L’homophobie et sa lutte n’ont rien de banal
Titem | 3 juin 2008Le 17 mai dernier, c’était la journée mondiale de la lutte contre l’homophobie. A la différence des années précédentes, je n’en ai pas parlé ce jour-là. Pour dire quoi ? « Aujourd’hui encore, dans notre société et ailleurs, l’homophobie est présente… », réalité aussi banale que tragique ?
Si l’on considère que ce problème est banal, c’est qu’il y a bien un problème, car la violence et la discrimination n’ont absolument rien de banal. Pourtant certains osent affirmer que non, l’homophobie n’existe pas, ou accusent les homosexuels, par leurs légitimes réclamations ou par leurs “pleurnicheries” (comprenez : “le droit à être respecté”), d’être les responsables de l’homophobie. On croit rêver, mais il y en a qui y croient…
L’actualité de ces derniers jours m’a donné des raisons de croire que décidément ça n’avait rien de banal. Il suffit de se pencher plutôt que d’aborder ce sujet avec son cortège de préjugés :
- Quatre homosexuels arrêtés en Iran et menacés d’être pendus.
- Le Président de la Gambie, Yahya Jammeh menace de faire décapiter les homosexuels s’ils ne quittent pas son pays.
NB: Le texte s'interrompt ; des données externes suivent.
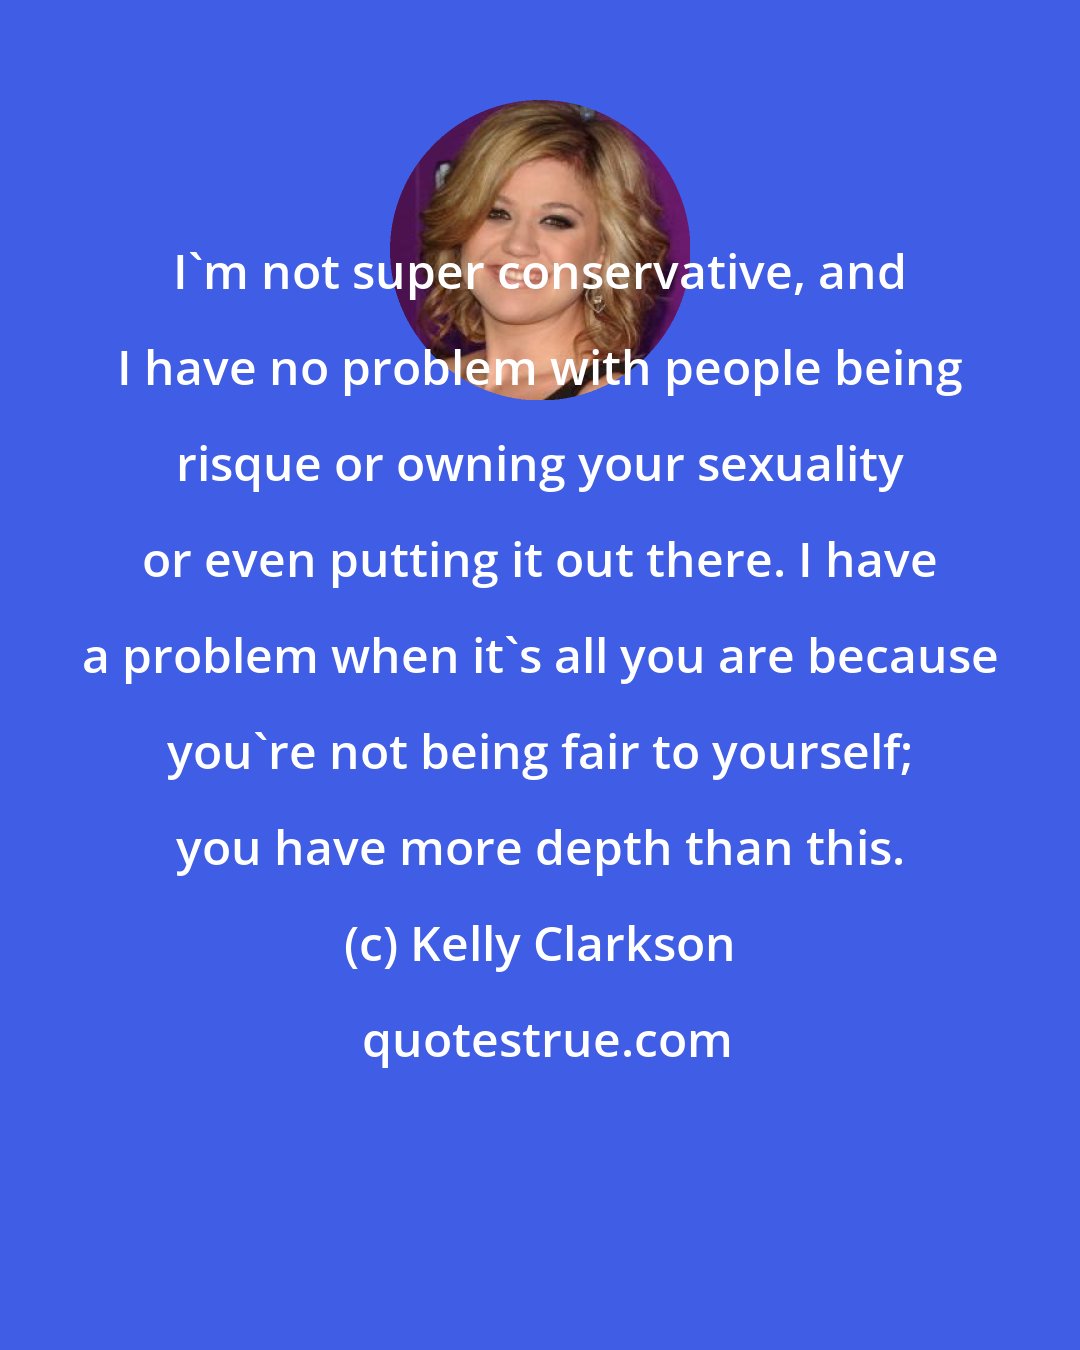 Kelly Clarkson: I'm not super conservative, and I have no problem with people being risque or owning your sexuality or even putting it out there. I have a problem when it's all you are because you're not being fair to yourself; you have more depth than this.

On aurait tort de croire, notamment en Iran, que ce ne sont que des mots. Et il y a la violence de l’Etat, mais aussi la violence de la société. Ainsi, plus proche de nous en Europe :
En Lettonie, la Gay Pride a été perturbée par des contre-manifestants.
Même chose en Russie, où la parade a été accueillie par des slogans homophobes comme « Les pédés en enfer ». Maigre consolation, 13 contre-manifestants ont été arrêtés pour avoir passé à tabac un homosexuel : les années précédentes, la police interpellait les homosexuels (!) APRES qu’ils aient suffisamment subi les injures des manifestants d’extrême droite (la photo date d’ailleurs de l’année dernière).
Encore plus proche de nous, mais moins récemment :
- Libération consacrait un article très intéressant mettant en lumière ce dont les trop bien pensants ne parlent jamais, préférant gloser béatement sur le refus de l’altérité, la destruction de la famille et autres mêmes scandaleux raccourcis de ce genre : ces enfants mis à la porte par leurs parents parce qu’ils sont homosexuels. Bah oui c’est bien connu, ce sont les homos qui détruisent la famille ! Dommage : l’article jouait sur le cliché un peu facile de le garçon efféminé toujours soucieux de son apparence.
- Le polémique passionnelle et complètement disproportionné sur la publicité Matelsom, représentant un couple d’hommes allongés, qui a entraîné une levée de boucliers de la part des milieux religieux les plus conservateurs. C’est se voiler la face. J’ignorais qu’une marque d’amour, fût-elle entre deux hommes, puisse déclencher autant de rejet.
J’ai énormément de mal à comprendre les ressorts intellectuels (sic) d’une telle haine, d’une telle bêtise. Tout cela vient du fait que ses personnes sont absolument incapables de se mettre à la place de l’autre, et croient détenir une vérité inattaquable sur un sujet qui ne les concerne même pas.
Un ami québécois se désolait qu’un de ses « amis » français ait rompu les ponts quand il lui apprit qu’il était gay. Avant de se quitter en de mauvais termes, le français lui avait conseillé de jeûner et de rester chaste de tout fantasme homosexuel, et que ainsi il serait « purifié » de ces pensées diaboliques. Deux autres amis me confiaient leur malaise à l’idée que des personnes à qui ils tiennent, parents ou amis, les abandonne lorsqu’elles finiraient par savoir qu’ils préféraient les garçons.
Je tente de les rassurer, après tout, les mentalités évoluent et c’est tant mieux. Mais pour d’autres, le rejet est la seule conséquence de leur ignorance. Et en face, il y a des garçons et des filles qui voudraient comprendre pourquoi. Et ça, ça n’a rien de banal. C’est juste cette ombre d’amertume qu’on lit au fond de leurs yeux.